WHAT TO DO ->
Apart from the pictures, every entry should be reproduced exactly.

INPUT DATA ->
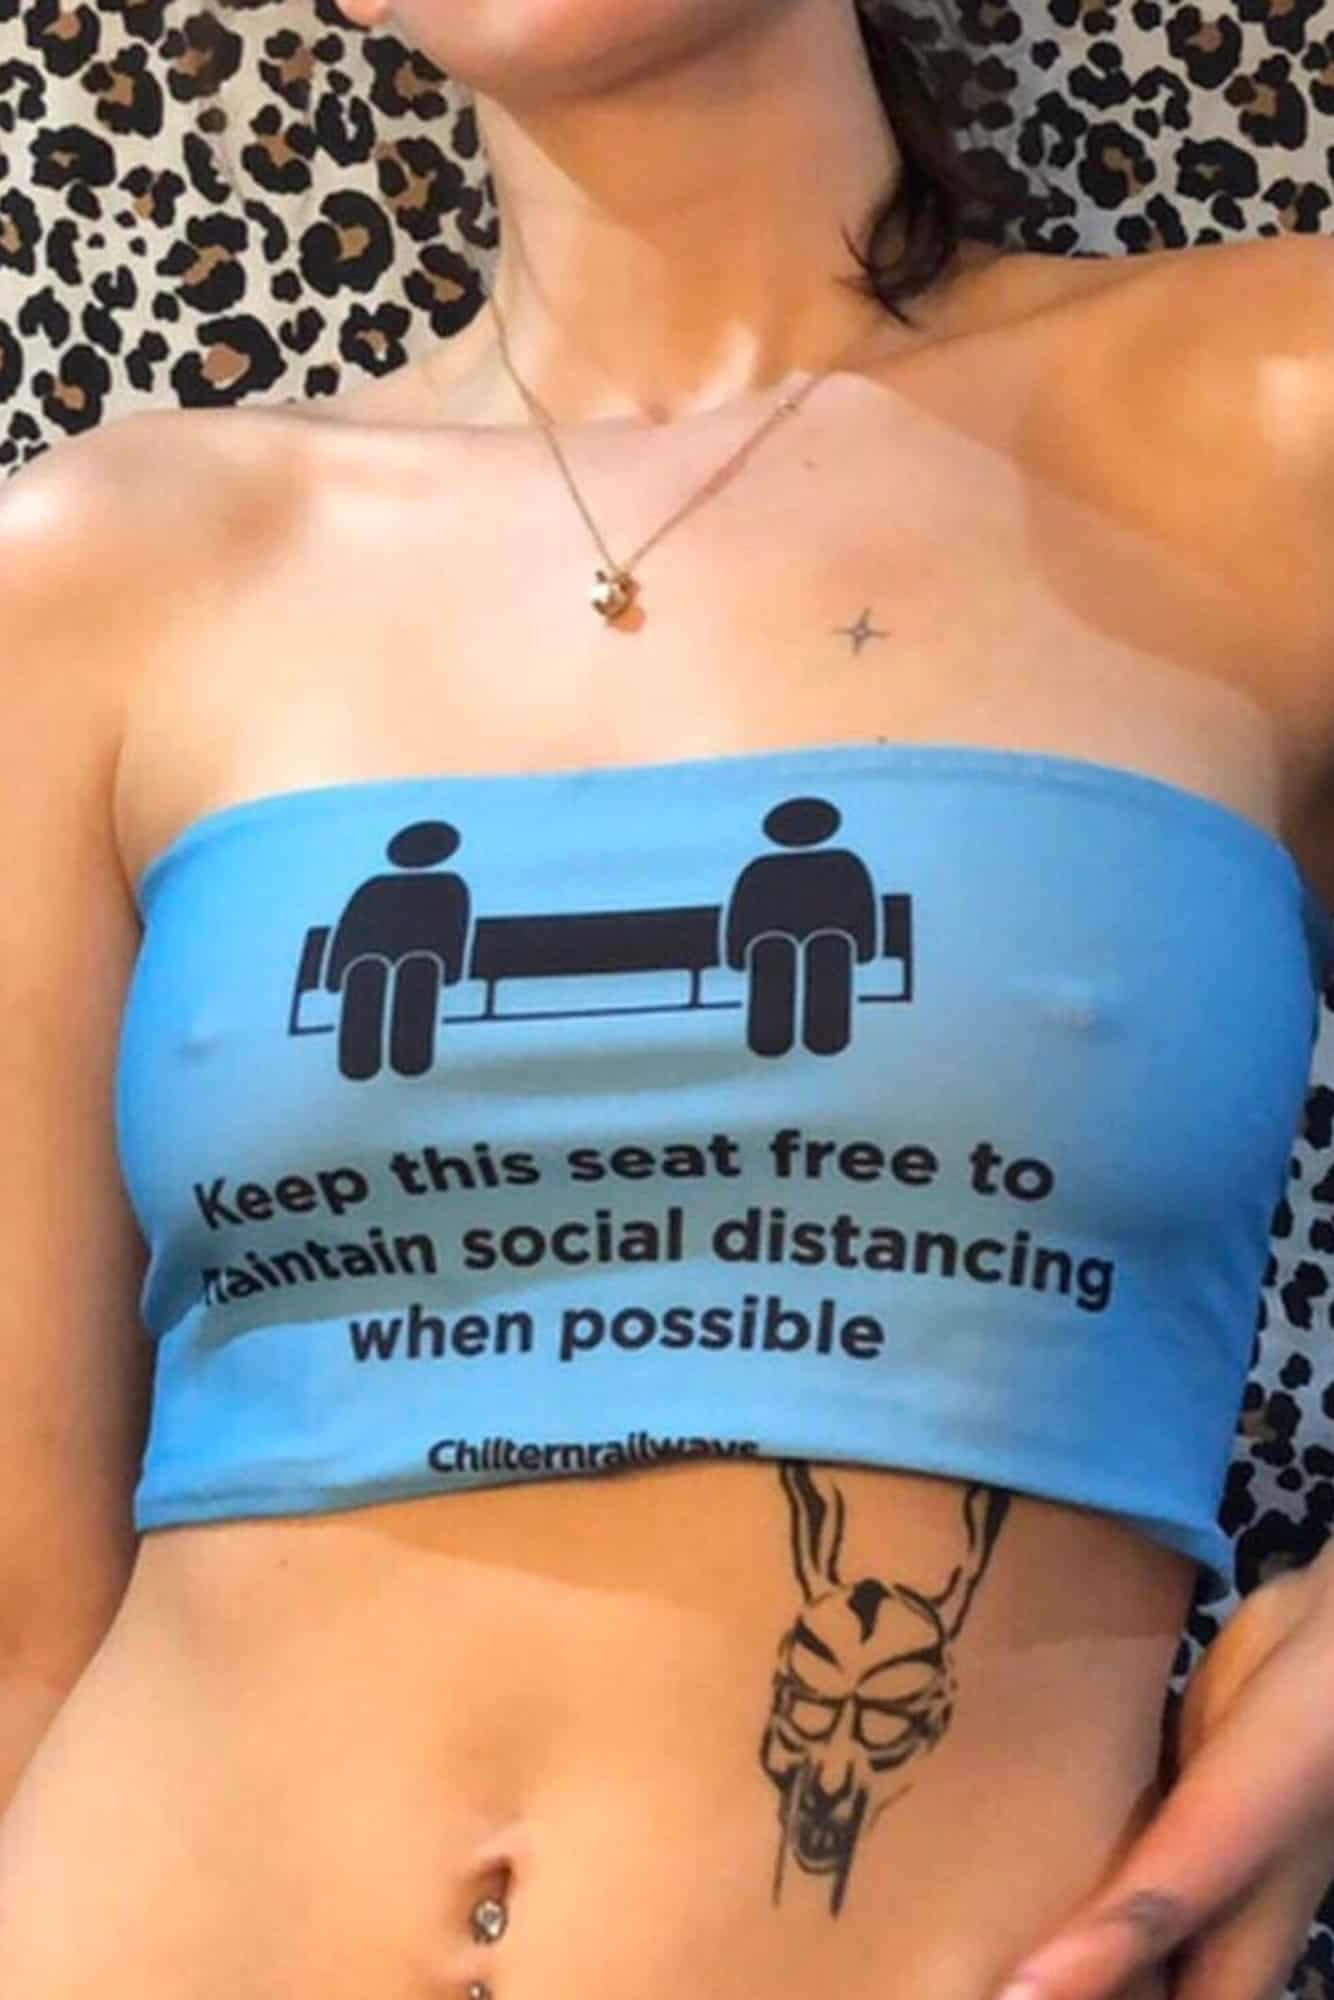 A train sign turned into a crop top
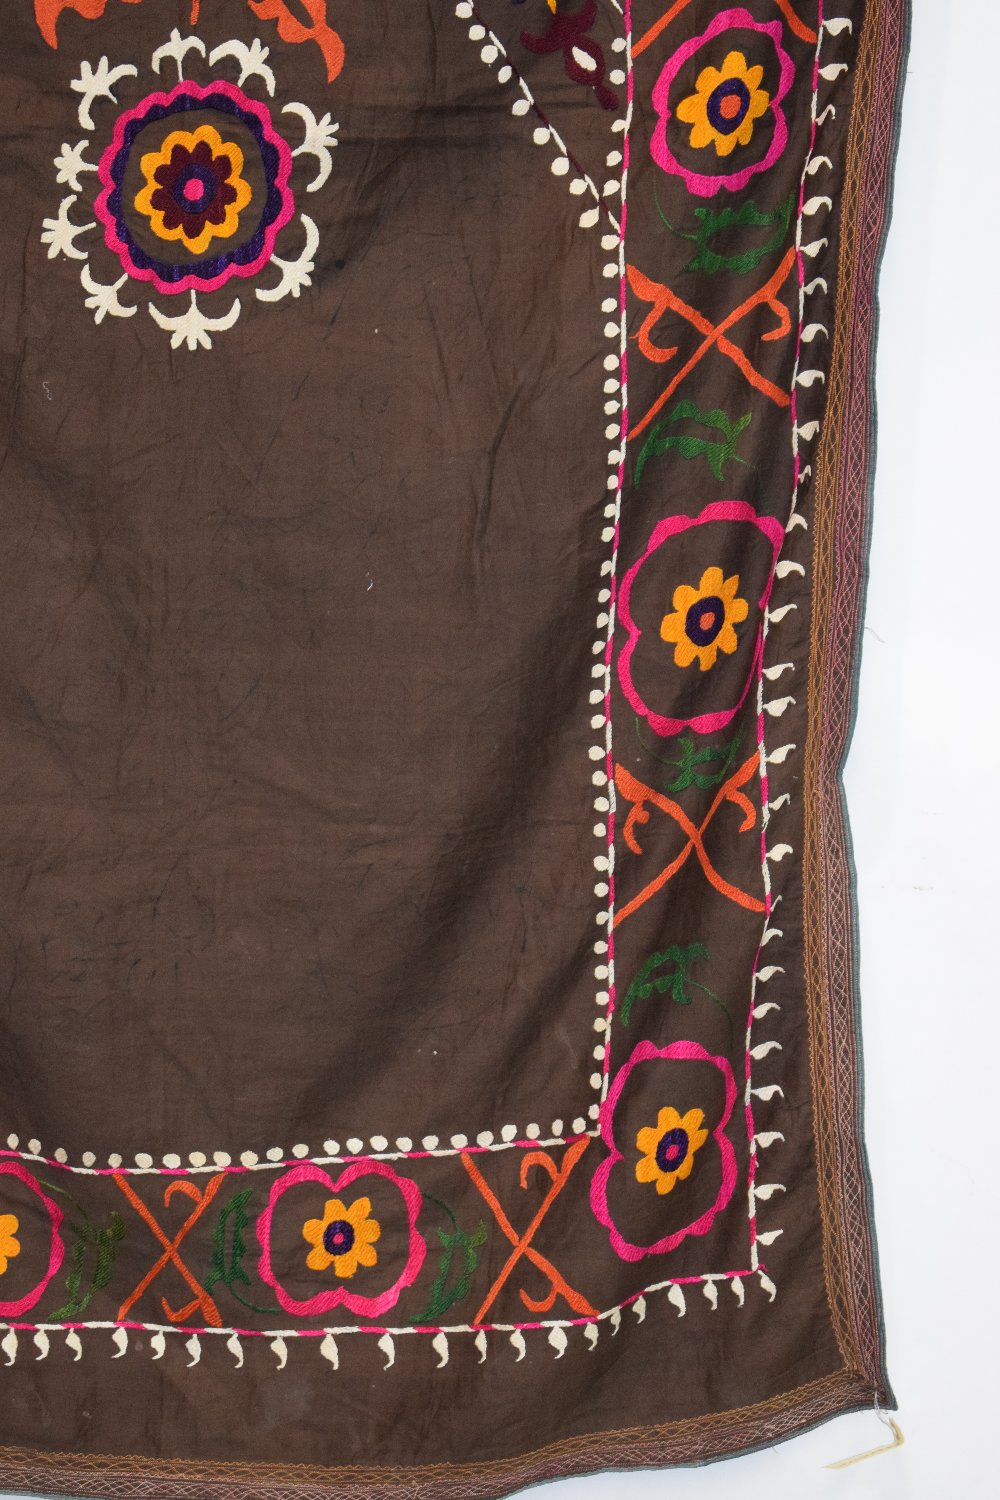 Uzbek suzani joinamoz (prayer cloth), Afghanistan, circa 1960s, 6ft. 3in. X 3ft. 5in. 1.91m. x 1. - Image 2 of 12
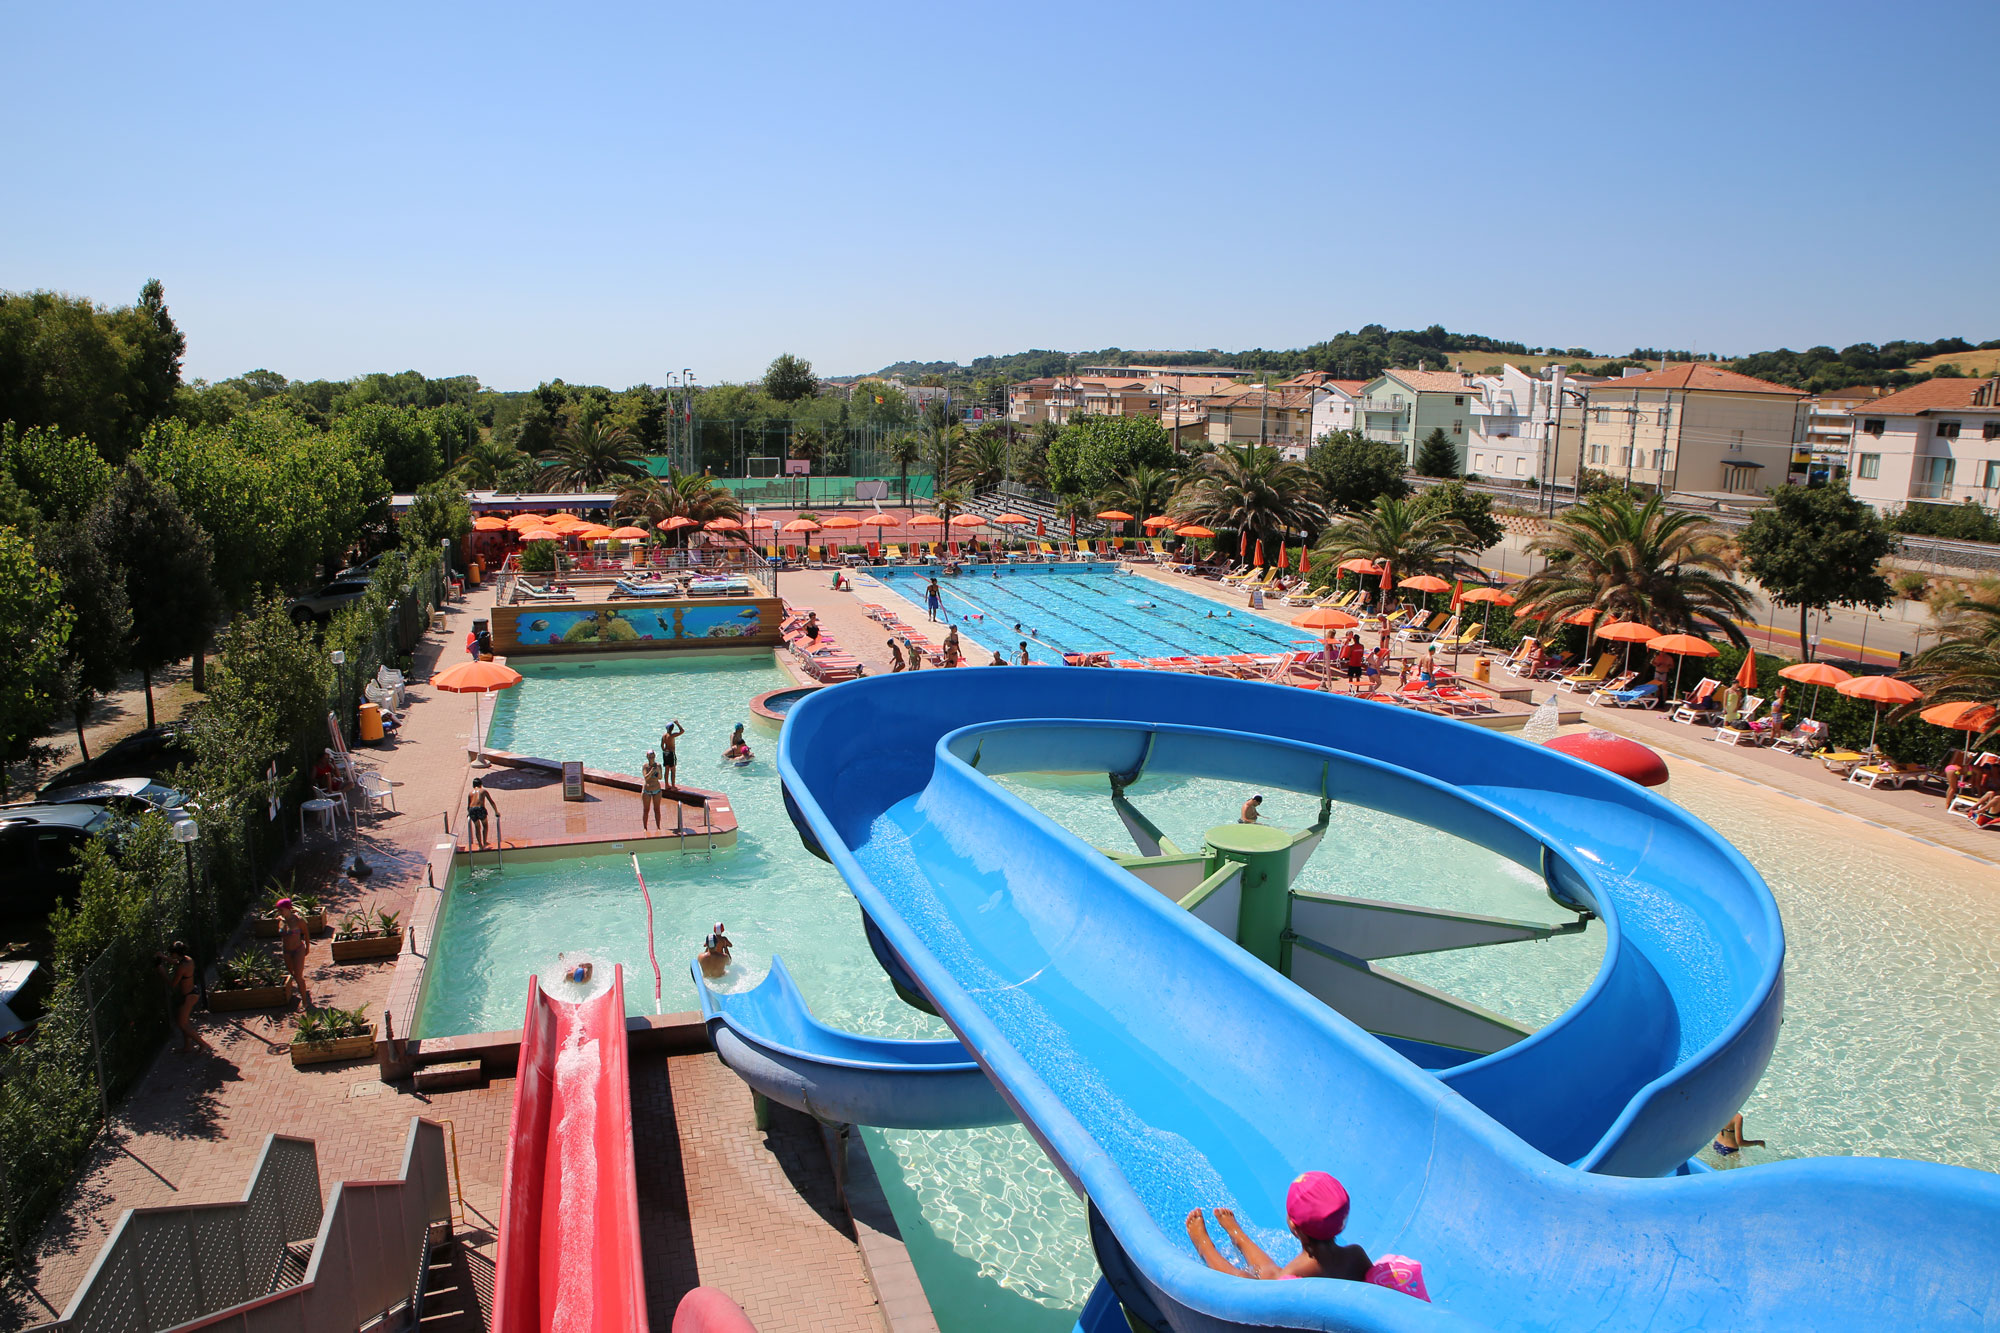 All the information you need about La Risacca Family Camping Village
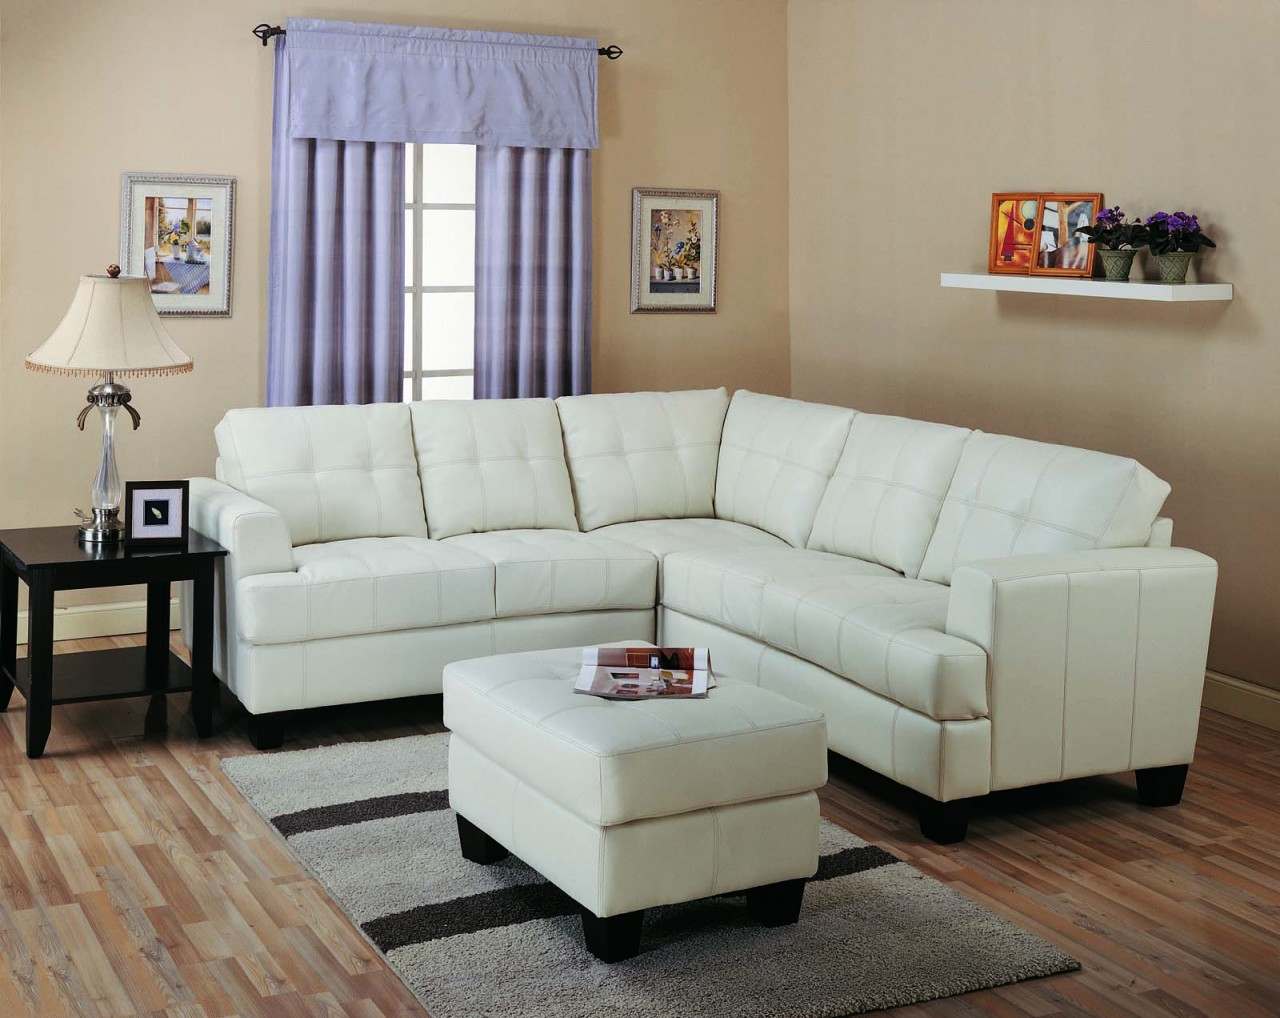 Sectionals For Small Living Room
 Types of Best Small Sectional Couches for Small Living

FINAL ANSWER ->
 A train sign turned into a crop top
 Uzbek suzani joinamoz (prayer cloth), Afghanistan, circa 1960s, 6ft. 3in. X 3ft. 5in. 1.91m. x 1. - Image 2 of 12
 All the information you need about La Risacca Family Camping Village
 Sectionals For Small Living Room
 Types of Best Small Sectional Couches for Small Living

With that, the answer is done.